## WHAT IS NEEDED
From the line containing "Esterilla de corcho" to the line containing "Diamond Painting Kits" in the records below, set down every line exactly as it stands, both ends included, and skip the pictures.

## DATA FOR PROCESSING
###
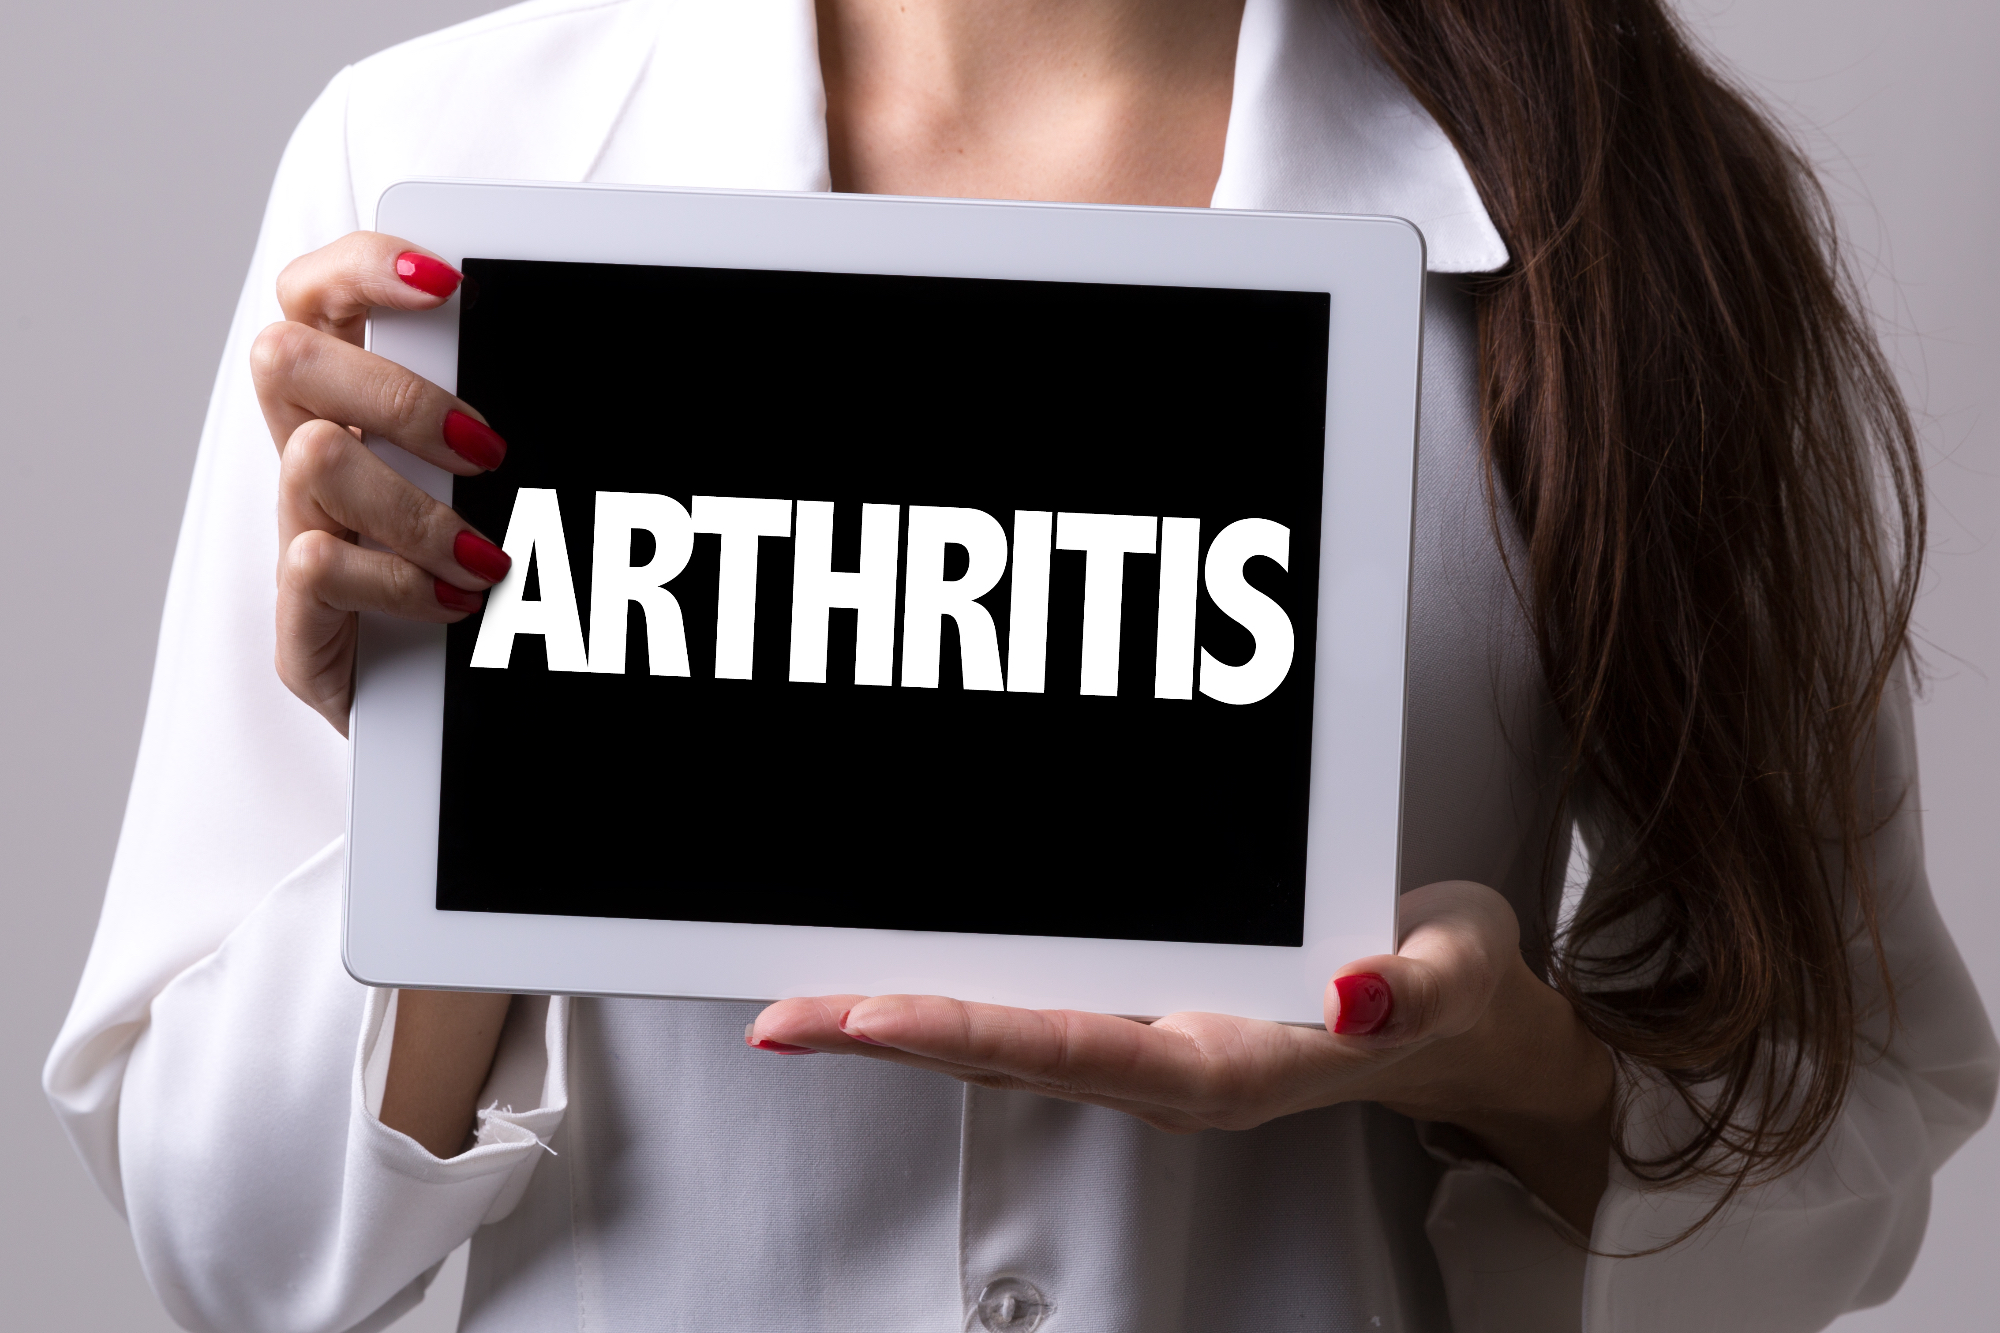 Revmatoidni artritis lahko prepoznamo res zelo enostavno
###
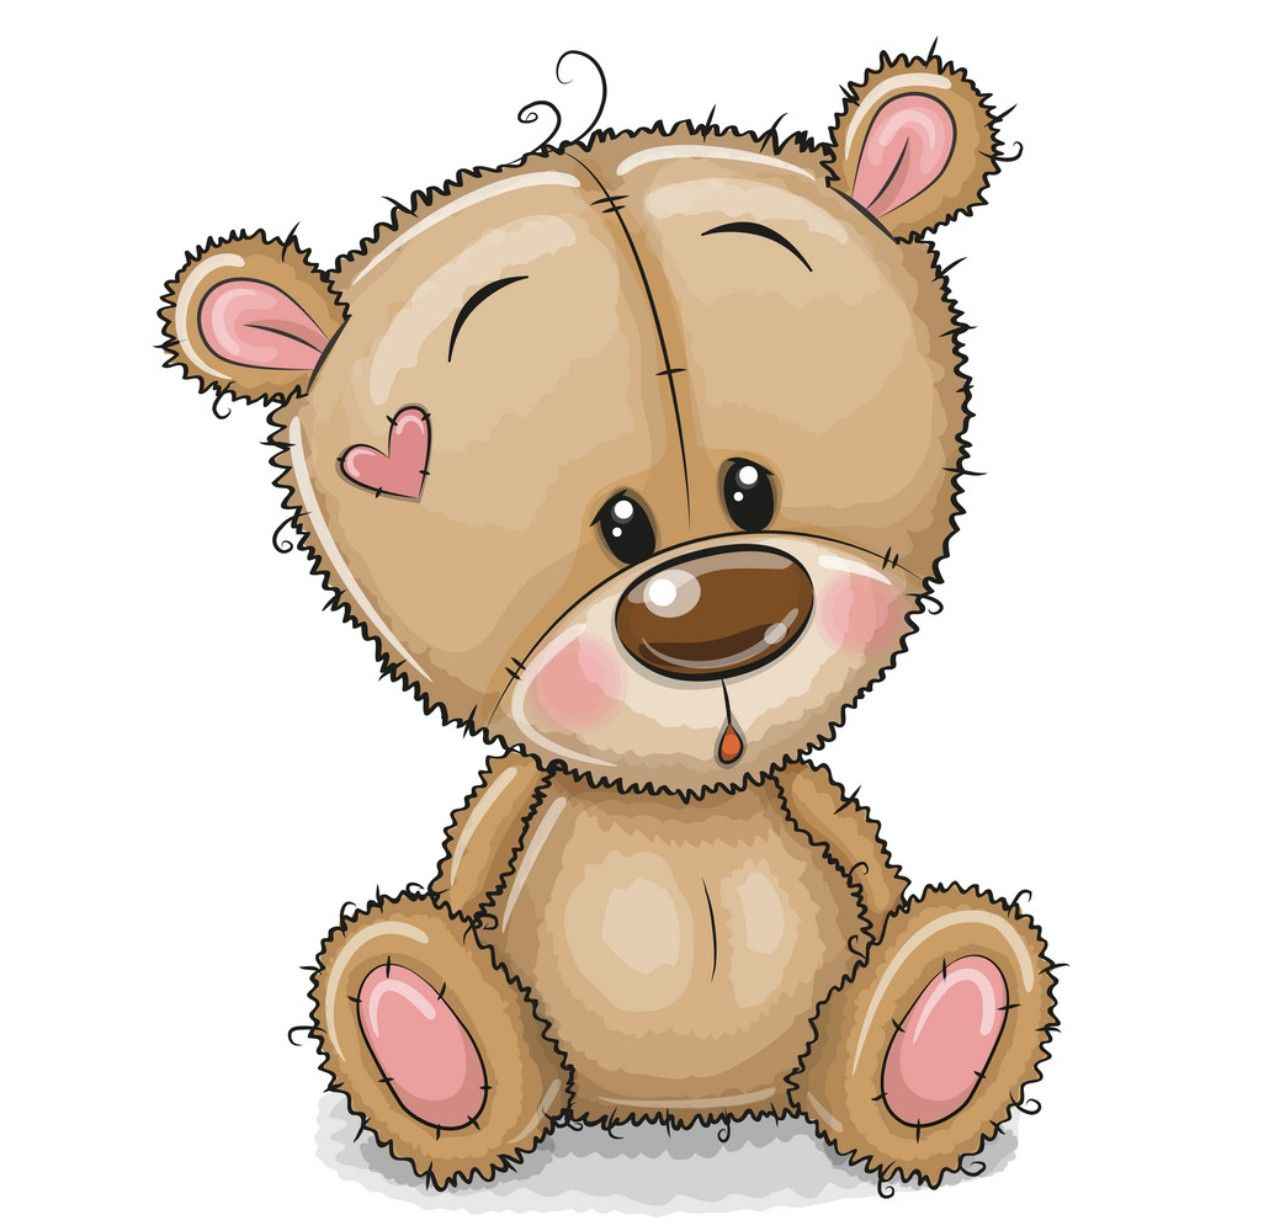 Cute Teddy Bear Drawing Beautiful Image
###
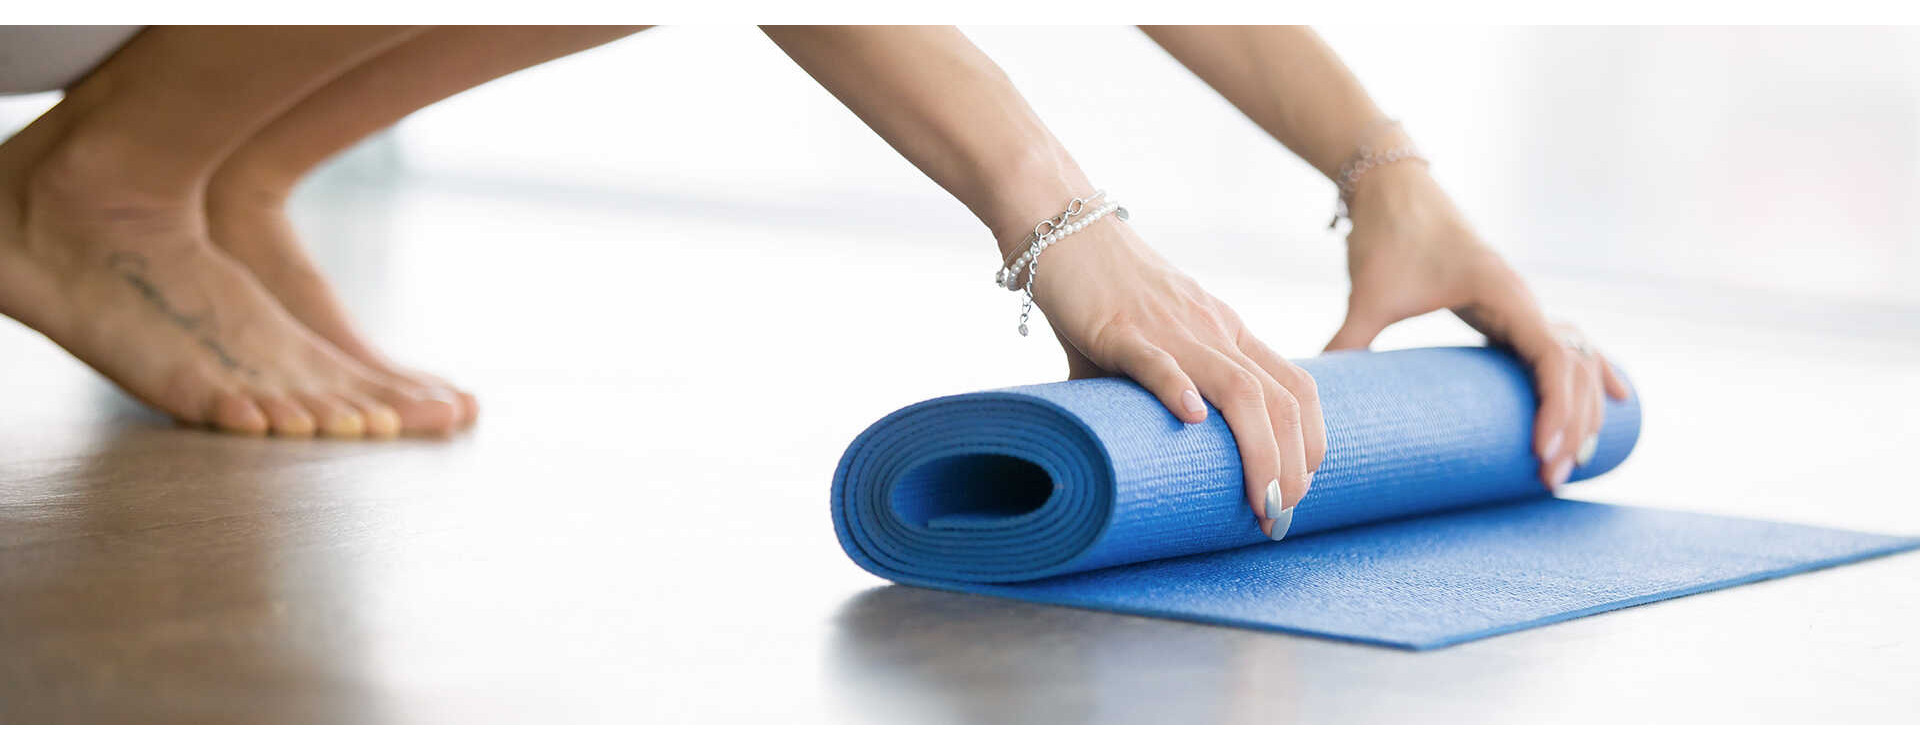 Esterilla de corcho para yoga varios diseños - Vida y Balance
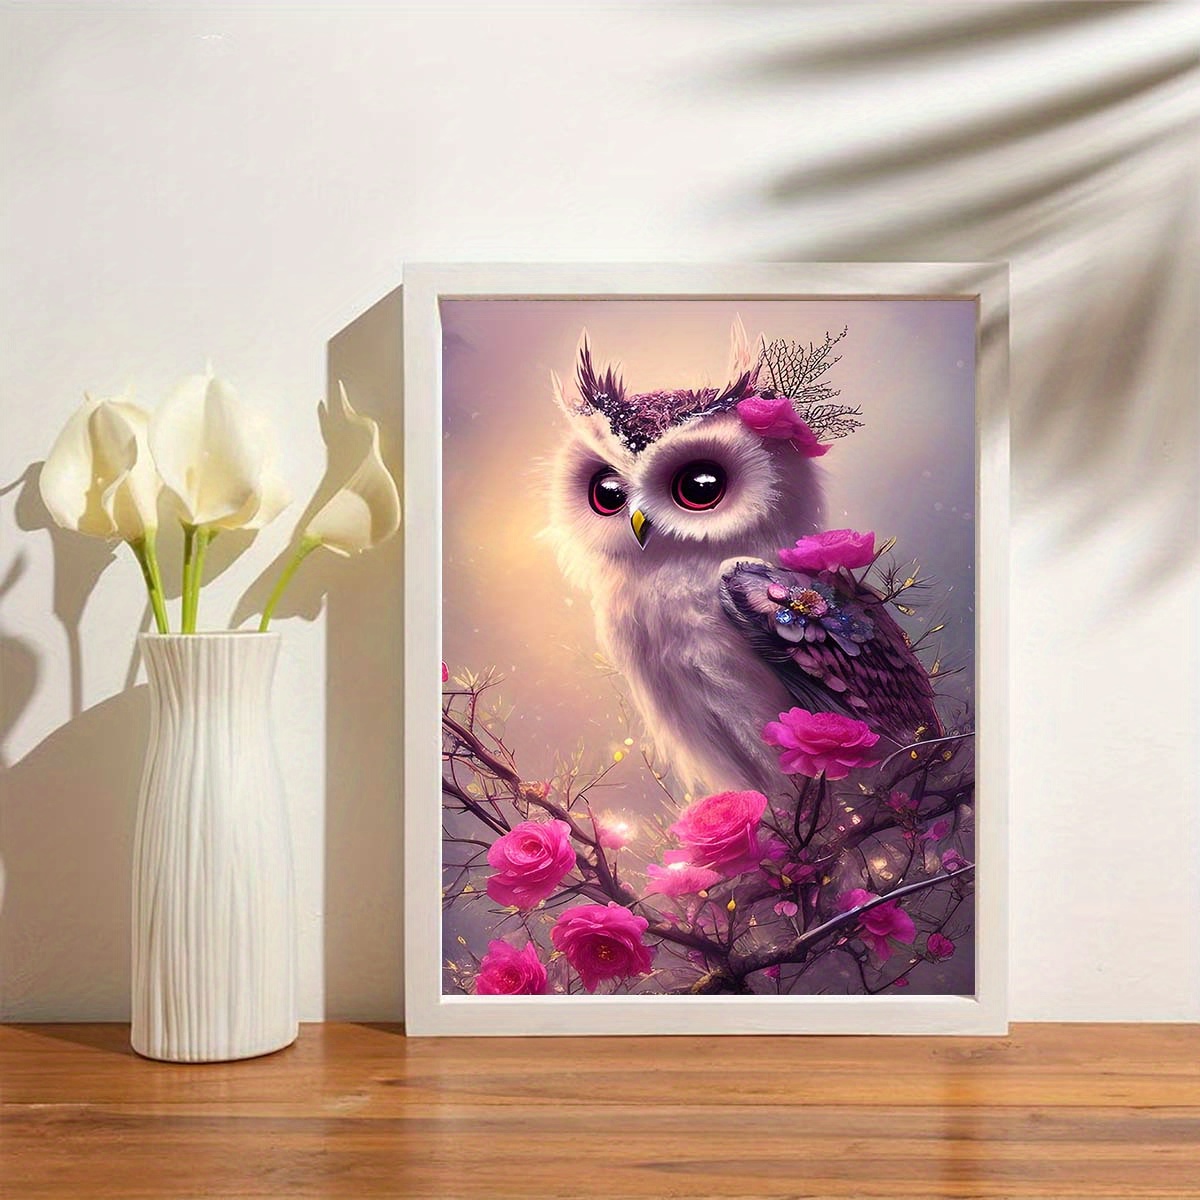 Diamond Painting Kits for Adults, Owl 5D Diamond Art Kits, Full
###
## EXERCISE RESULT
 Esterilla de corcho para yoga varios diseños - Vida y Balance
 Diamond Painting Kits for Adults, Owl 5D Diamond Art Kits, Full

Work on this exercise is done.